Wednesday, May 14, 2008

A Summer Of Adventure

The joys of bird watching.

Have you ever watched a towhee luxuriating in a dust bath? Have you seen a male summer tanager splashing in a pool and then watched him preen and align his feathers after bathing? Have you noticed the female tanager comes timidly to the pool for her refreshing bath after her mate has completed his priming?

Have you ever observed a brilliant metallic hummingbird fly through the gentle waterfall smoothly sliding into the pool? Have you seen one of those spastic jewels "sit" on a flat rock beside the waterfall?

Have you ever witnessed a brilliant blue male Eastern bluebird, with his less beautiful wife, teaching five spotted=breasted young to bathe in the sparkling water?

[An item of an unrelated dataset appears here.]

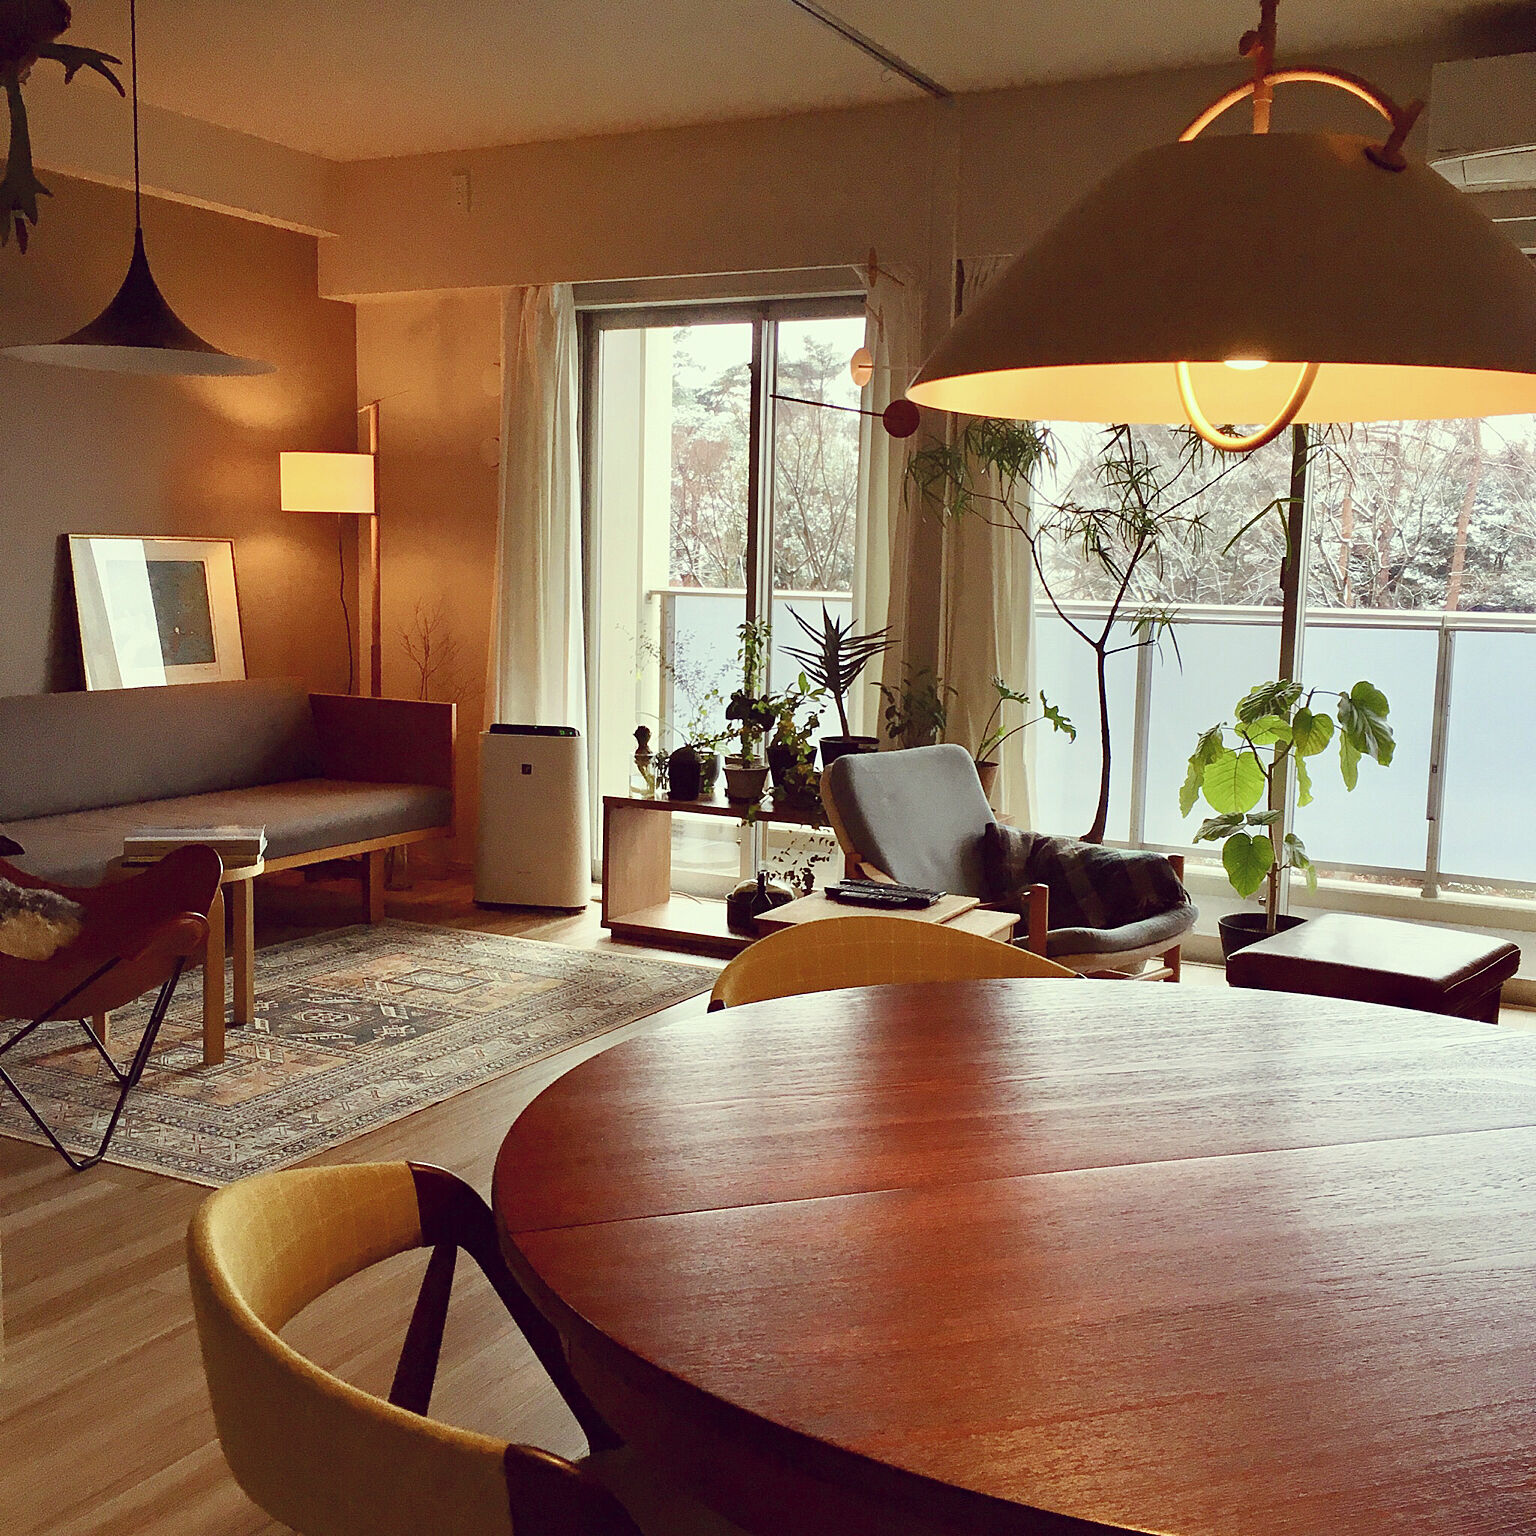 シンプルを情趣深く デンマーク家具とつくる 癒しの空間 By Ko Yo さん Roomclip Mag 暮らしとインテリアのwebマガジン
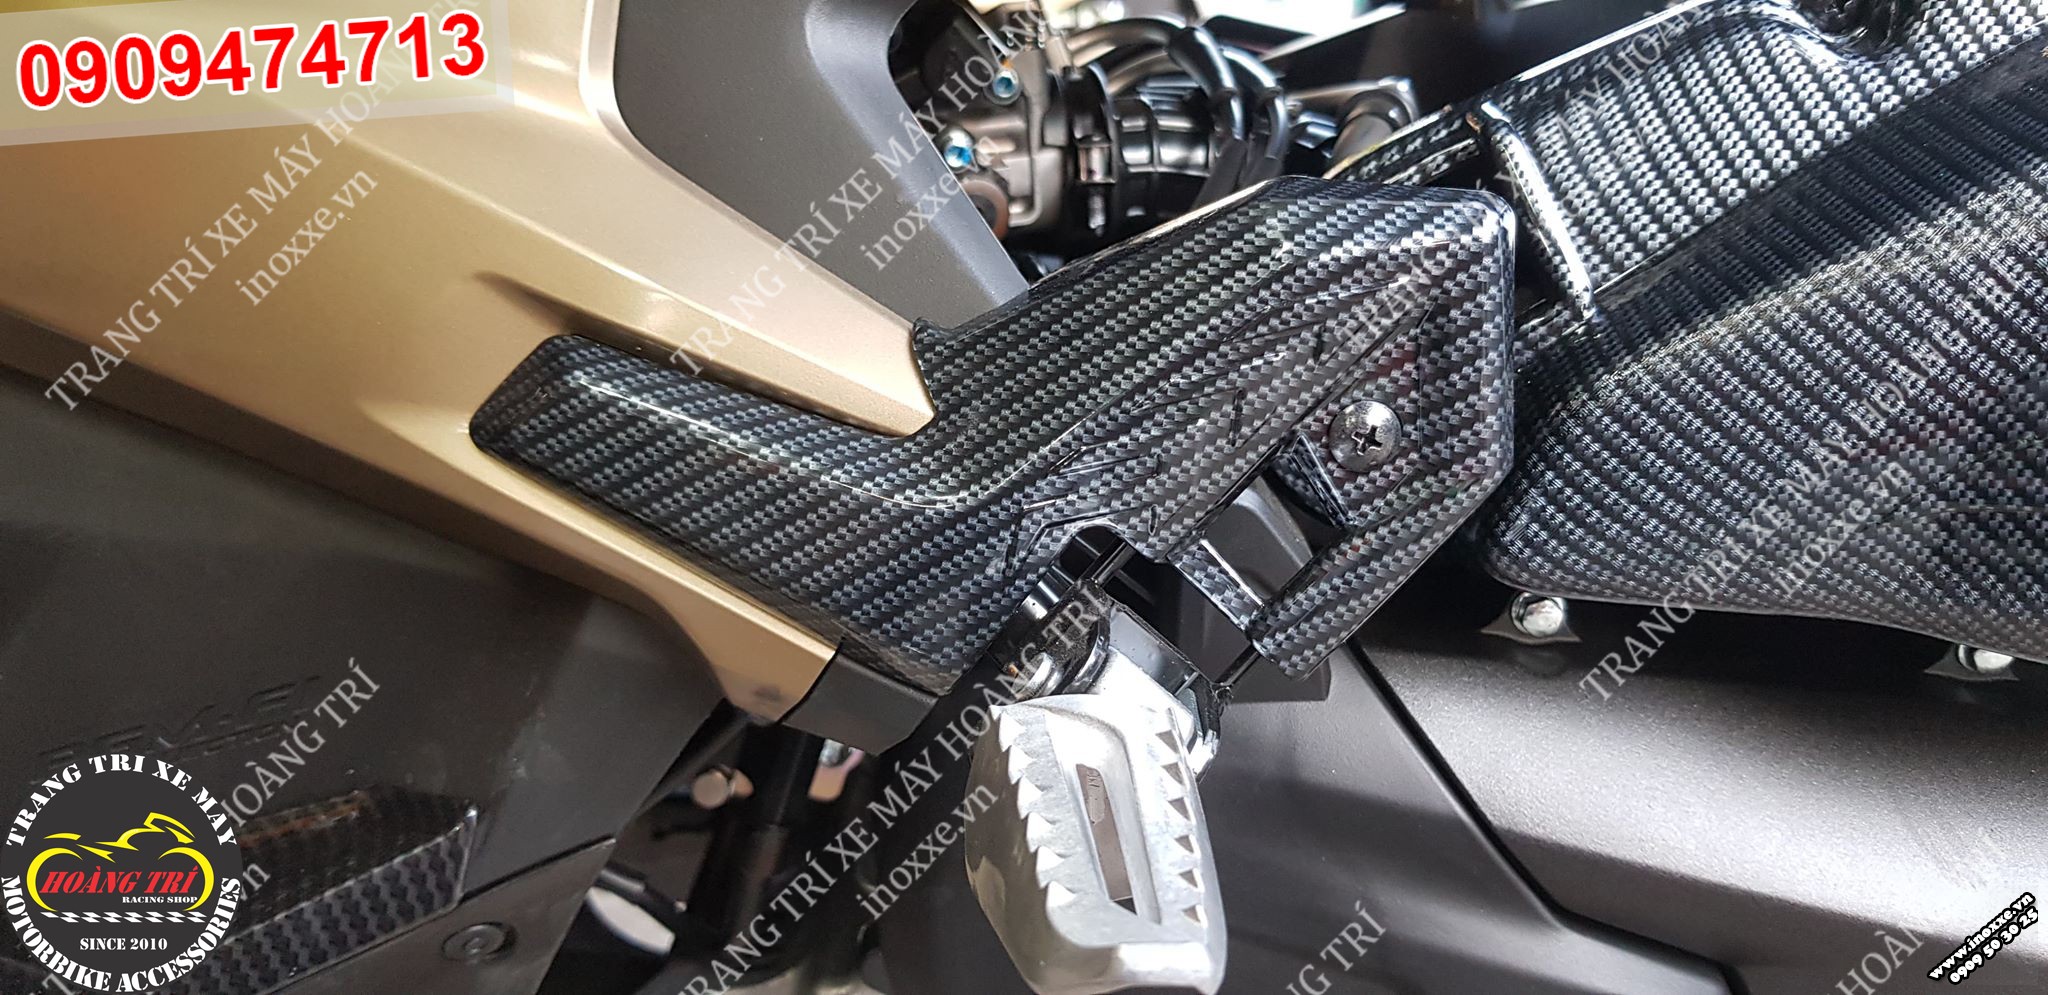 Phụ kiện trang trí xe Airblade 2020: Ốp gác chân sau sơn carbon

In early spring have you watched the flicker's courtship dance as the two birds, facing each other, do a two-step down a lichened limb of a water oak, calling "wicka, wicka, wicka" as they swing back and forth with a pendulum motion? Have you seen an Eastern kingbird chase a crow who he thinks might have an eye on the four eggs in the bulky nest of cotton and sticks in the tall pine of a wooded lot?

Have you watched a feisty blue jay bouncing up and down on a limb as if on springs and shouting his raucous cry of "jay, jay, jay"? This fellow is a tease and a scoundrel. Have you heard him give a call like a red-shouldered hawk, scaring all the small birds away from the feeder? He then, with a grin on his face, plops himself down on the feeder and begins to gobble up the goodies.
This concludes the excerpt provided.